FROM monthly_revenue

)

SELECT

Month

Revenue

Round (100.0 * (revenue-prev_month_revenue) / prev_month_revenue,1) as revenue_growth

FROM prev_month_revenue

ORDER BY 1

Result output:

Monthrevenuerevenue_growth2020-01-01650NULL2020-02-01100053.82020-03-01150050

Create a view of the cleaned data for later use

CREATE VIEW orders_cleaned AS

SELECT

Order_id

Customer_id

City

Add_time

Amount

FROM (

SELECT *

Row_number () over (partition by order_id order by add_time desc) as rank

FROM orders

) t

WHERE rank=1

Requirement 4: TopN for grouping

Grouping topN is the longest SQL window function usage scenario.
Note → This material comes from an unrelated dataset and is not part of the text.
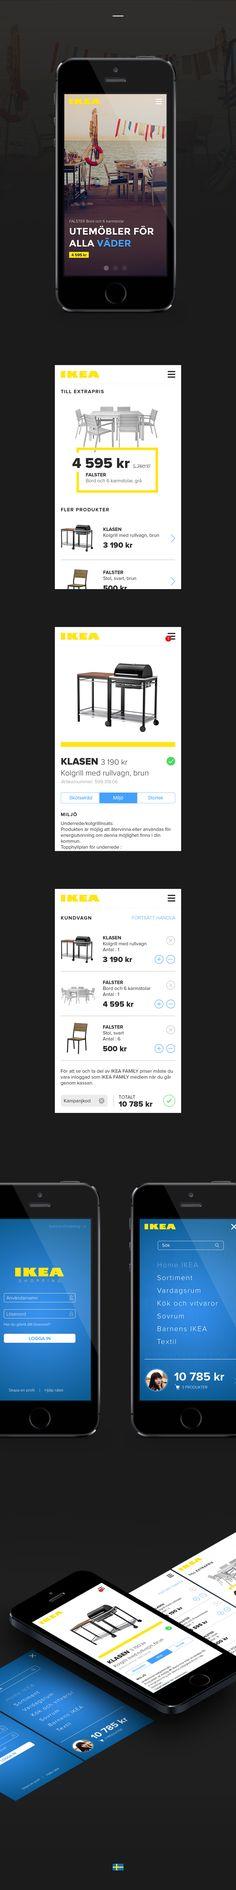 IKEA #Mobile #App Redesign Concept

The following SQL calculates the top2 order amount for each month, as follows:

WITH orders_ranked as (

SELECT

Trunc (add_time,'MM') as month

Row_number () over (partition by trunc (add_time,'MM') order by amount desc, add_time) as rank

FROM orders_cleaned

)

SELECT

Month

Order_id

Customer_id

City

Add_time

Amount

FROM orders_ranked

WHERE rank

Welcome to subscribe "Shulou Technology Information " to get latest news, interesting things and hot topics in the IT industry, and controls the hottest and latest Internet news, technology news and IT industry trends.

*The comments in the above article only represent the author's personal views and do not represent the views and positions of this website. If you have more insights, please feel free to contribute and share.